■ Task directions ■
Please state how many lines of the data below contain the word "glass", offering nothing besides the number.

■ Available data ■
__________
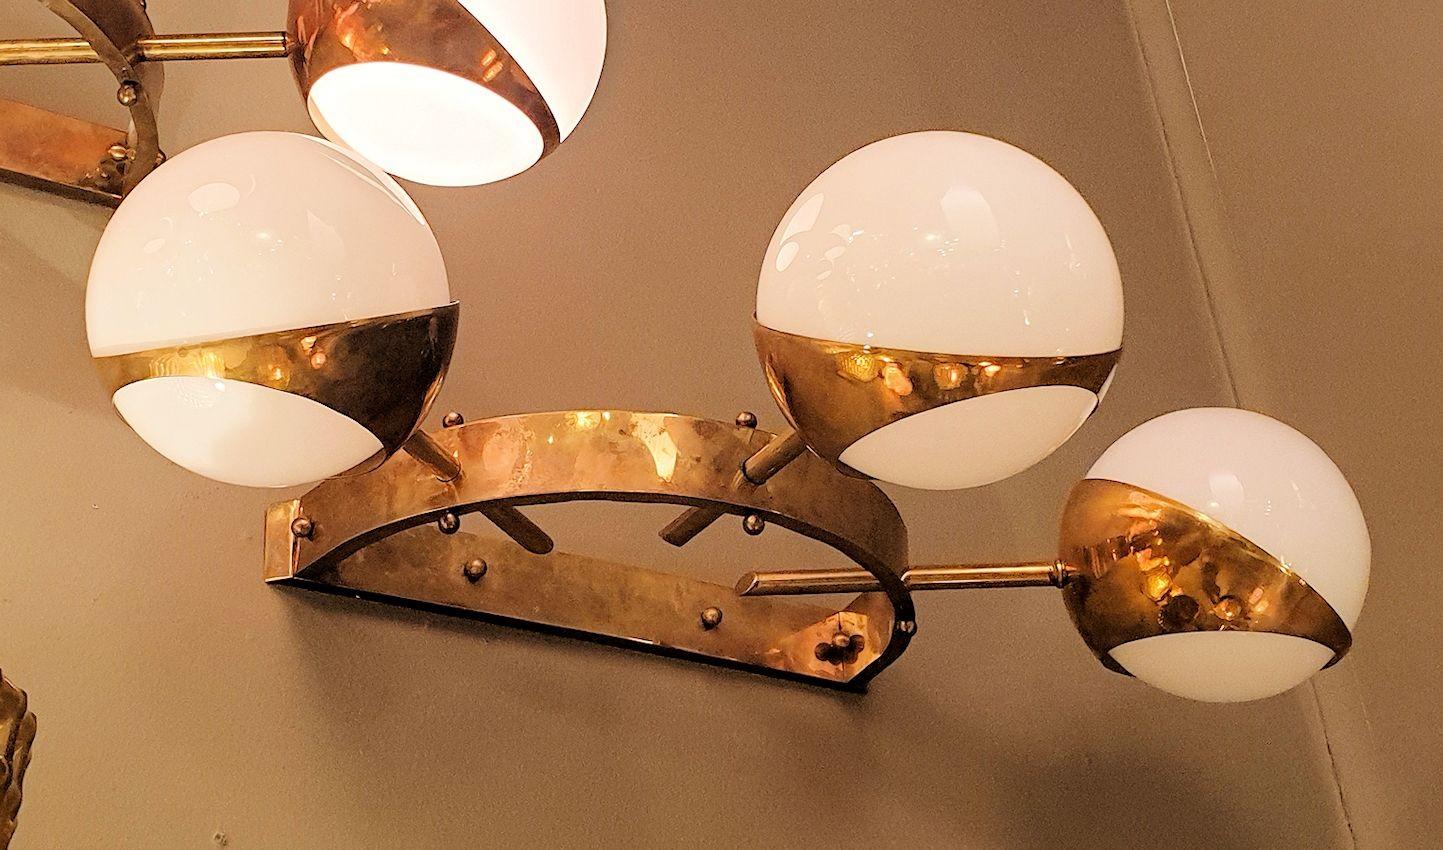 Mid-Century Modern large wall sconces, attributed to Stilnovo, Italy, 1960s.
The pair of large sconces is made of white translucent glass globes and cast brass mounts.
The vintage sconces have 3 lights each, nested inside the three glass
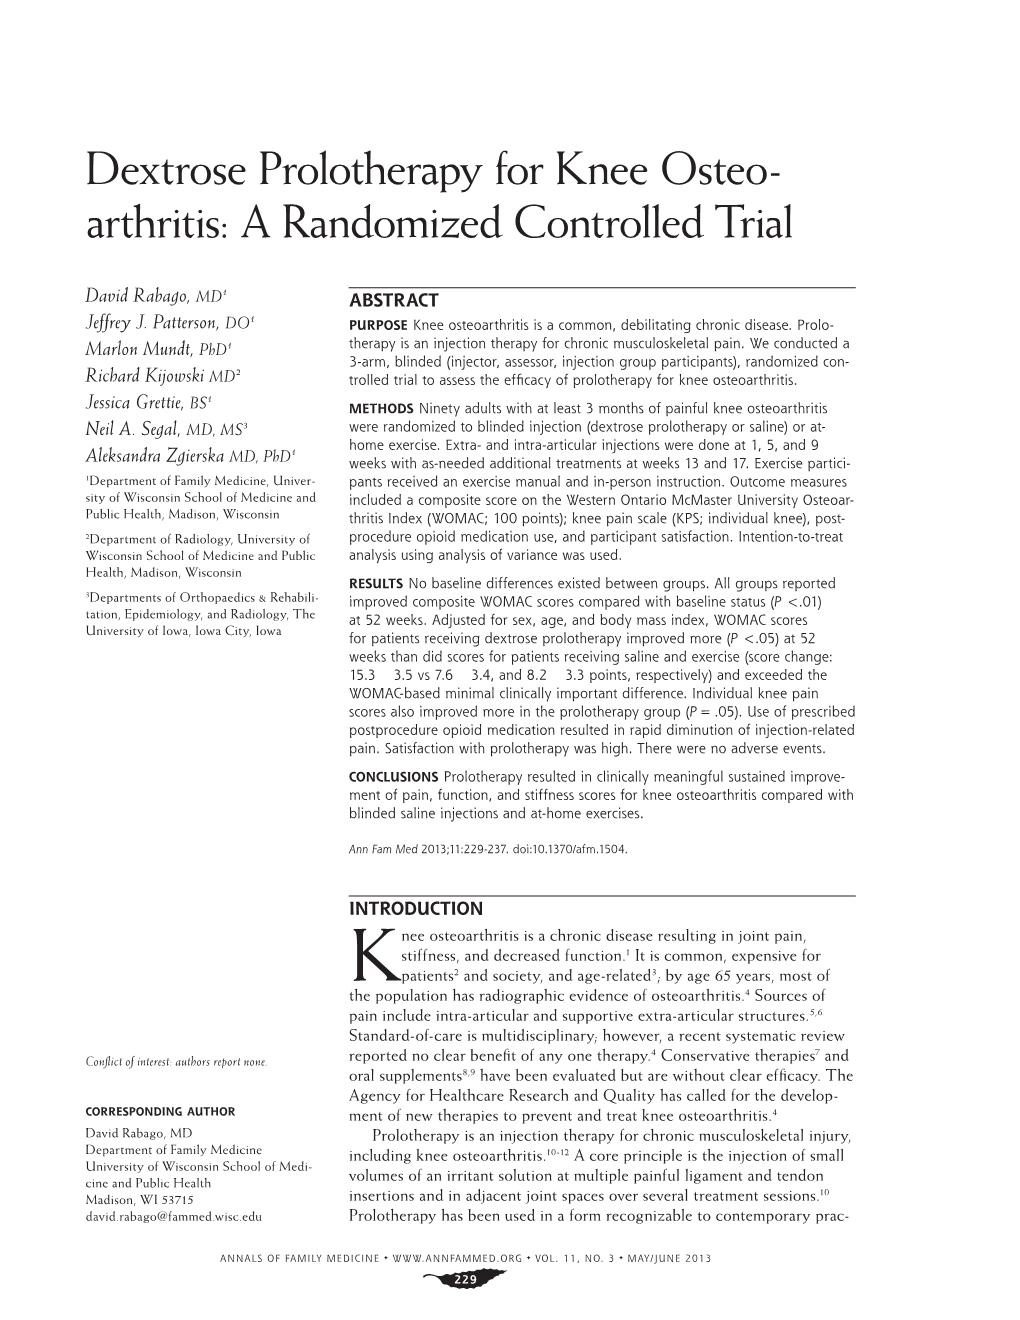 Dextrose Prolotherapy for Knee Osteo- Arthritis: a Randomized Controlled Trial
__________
■ Solution to this problem ■
2